# different styles of hwa rang do?



## hwarang_do_adam (Dec 30, 2007)

I cant remember what channel I was watching but it was about two guys learning a bunch of different martial arts and on of the segments they did was on hwarangdo. I cannot remember the name but it translated to snake hwarangdo. Is there more variations i do not know about?


----------



## shesulsa (Dec 30, 2007)

Very likely so.  You don't find them in too many places, though I found a TKD school up here called "hwarangdo" - but he taught TKD, no bones about it.


----------



## hwarang_do_adam (Dec 31, 2007)

it was just nice to see a different variation of our martial art​


----------



## mystic warrior (Jan 8, 2008)

No 
The show was the human weapon.
And the art that they were doing was Tae Kwon do.
But one of WHRDA masters from korea.
I can't remember which one.
But they do have a hwa rang do guy there.


----------



## aftab (Dec 31, 2009)

Nope...:angel:
I saw a statement on the WHRDA forum about that series last year and WHRDA denied that he was one of their masters, and started going on their copyright policy (trademarks, etc). 
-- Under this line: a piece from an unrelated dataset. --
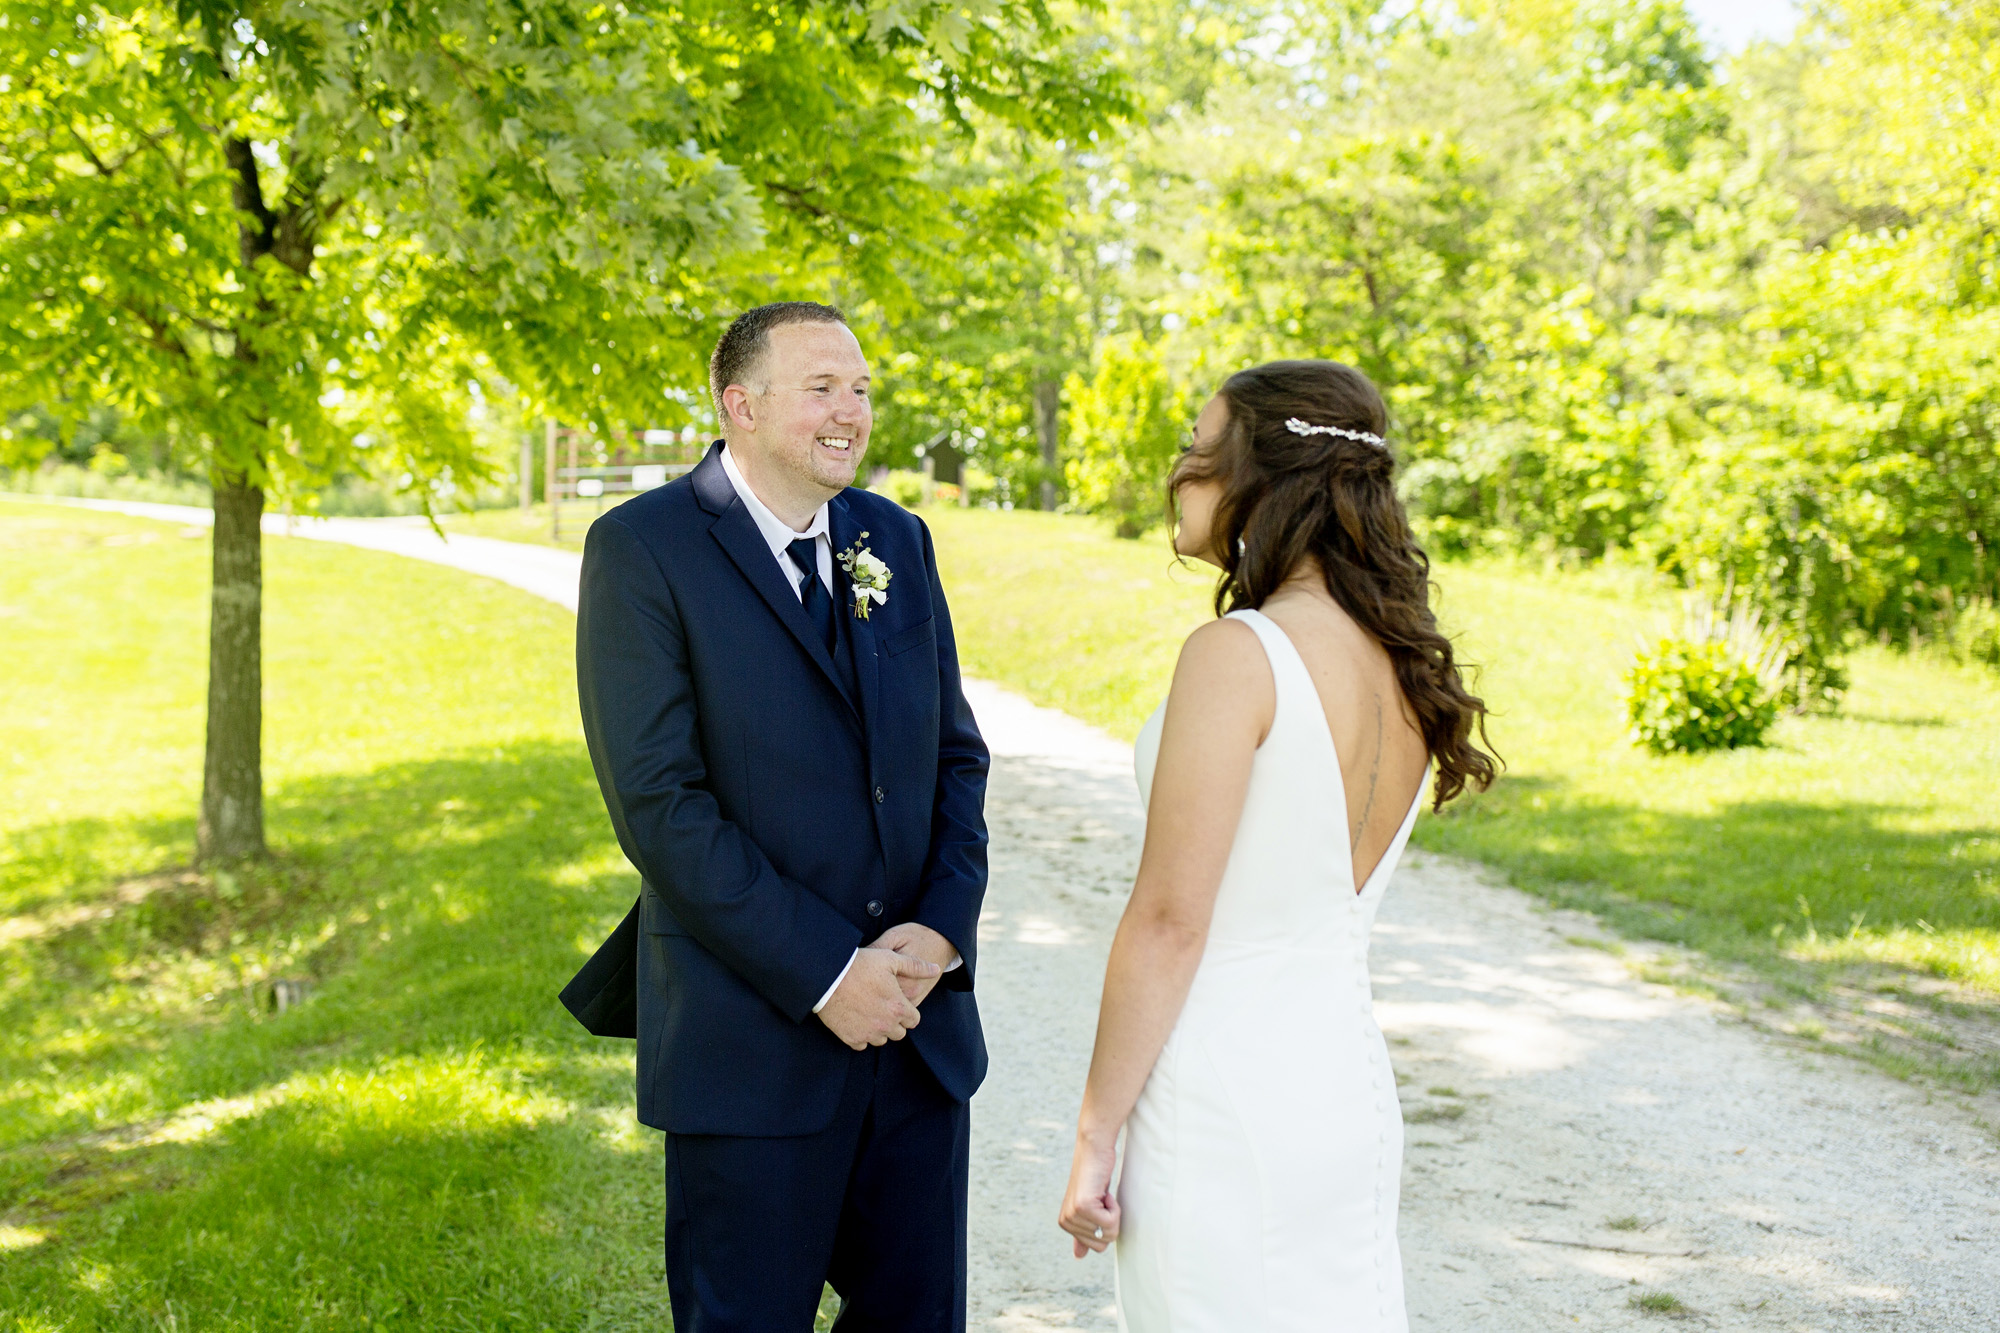 Seriously_Sabrina_Photography_Red_River_Gorge_Wedding_Barn_Robinson31.jpg

(Tried to find the link...will continue the search another time)


----------



## Humble Student (Jan 1, 2010)

http://www.hwarangdo.or.kr/HRDkorea1.html

Sorry aftab here he is.


----------



## aftab (Jan 1, 2010)

I stand corrected! my info is way out of date:uhyeah:

(Thanks for the link and correction)


----------



## Humble Student (Jan 1, 2010)

Its all good don't worry about it.


----------